Downhole fluid analysis (DFA) has been successfully employed to estimate compositions, gas/oil ratios (GOR), coloration (asphaltene content), density, viscosity and oil-based mud (OBM) filtrate contamination in real time. However, an important element – formation volume factor (FVF), defined as a ratio of the volume of a reservoir fluid at downhole conditions to the volume of stock tank oil at standard conditions – has been missing. This paper presents several real-time methods to obtain FVF from formation tester data and discusses applications of the newly derived fluid property.
A novel method is developed to obtain FVF based on mass balance during a single-stage flash process performed at standard conditions. The required input parameters, including density, GOR, and composition, are all available from existing DFA measurements in real time, ensuring a robust and simple FVF calculation. The new method is compared to a pressure-volume-temperature (PVT) laboratory-derived correlation based on machine learning methods and a method based on an equation of state (EOS) that uses more than 1350 fluid samples covering all hydrocarbon reservoir fluid types. The results show that the prediction error of the new FVF algorithm has an average absolute deviation of 3.6%. A second method, which begins with the definition of FVF and utilizes optical absorbance measurements and estimated fluid composition -- CO2, C1, C2, C3-5, and C6+ -- to derive an equation for the FVF is also demonstrated. The coefficients in this equation are calibrated against an optical spectral library derived from 160 hydrocarbon samples measured at different temperatures and pressures with values up to 175°C and 20,000 psi. The FVF prediction standard error of approximately 2.4 % for this method is estimated by comparing FVF predictions with laboratory measured FVFs on a validation dataset.
The use of the new FVF algorithms in deriving several real time fluid properties is illustrated. For example, FVF is used in OBM filtrate contamination calculations during sample cleanup for focused and non-focused sampling tools and is used to convert live fluid-based OBM filtrate contamination to a stock tank liquid-based value.
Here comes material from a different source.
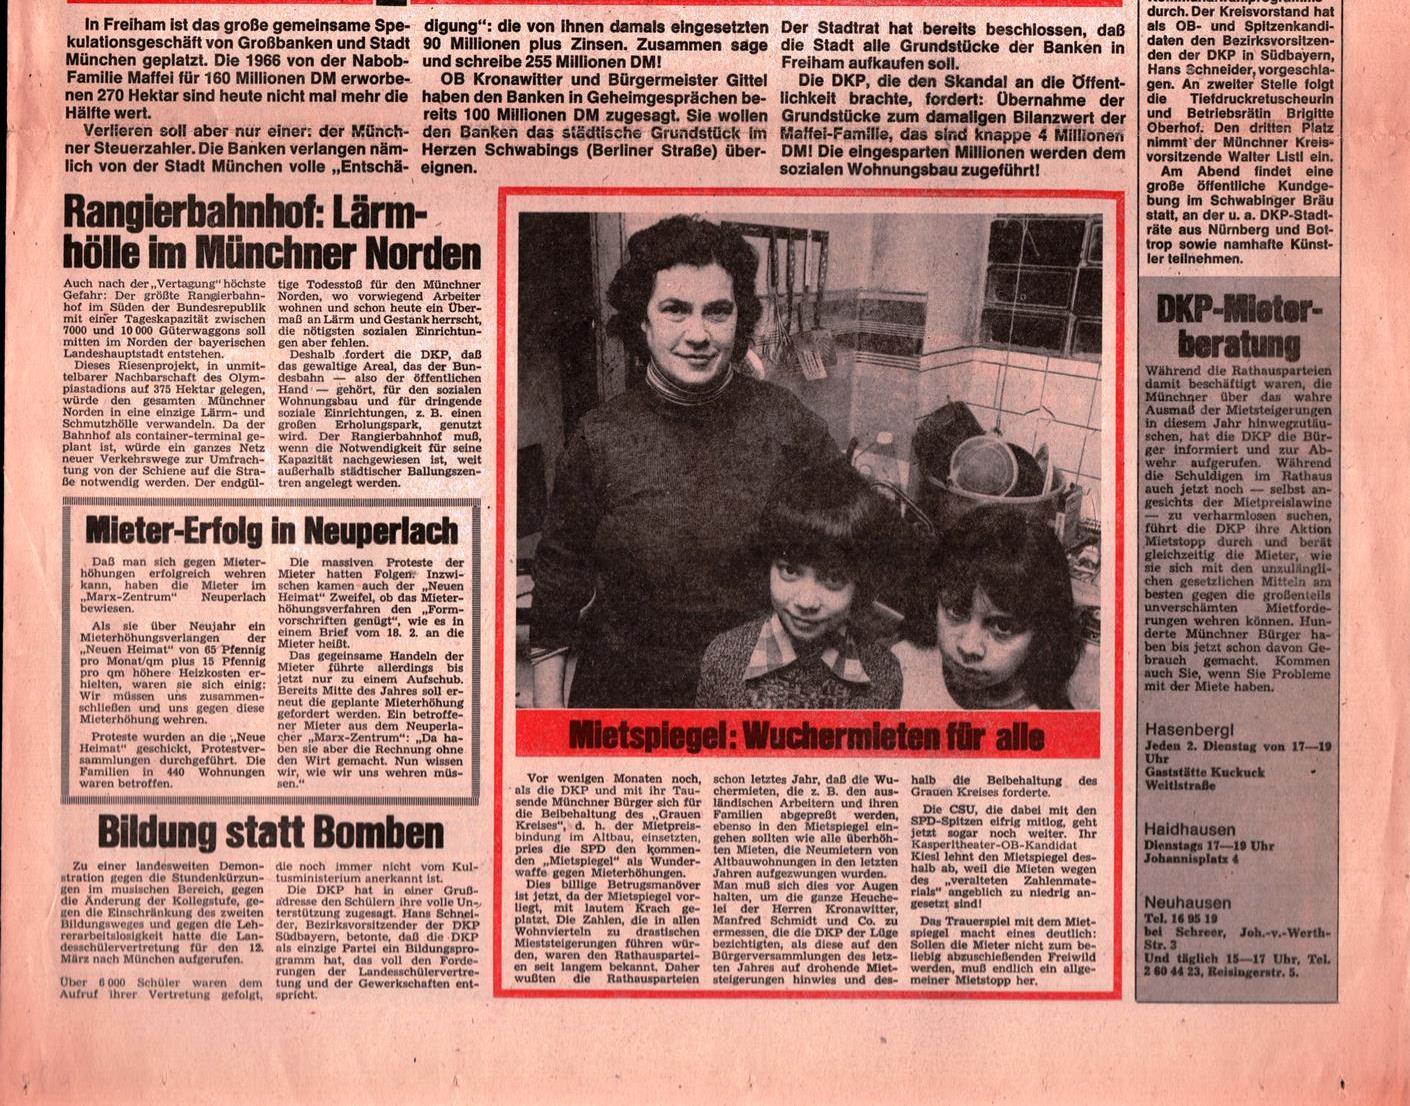 Muenchen_DKP_Neues_Muenchen_19770300_003_002

Best practices for selecting which FVF algorithm to use are discussed and recommendations for algorithm selection are made. Several case studies detail FVF calculations based on wireline or while-drilling formation tester data and the examples show how FVF is used in other real time DFA workflows. The results obtained from the new methods are in good agreement with results of PVT laboratory sample analysis.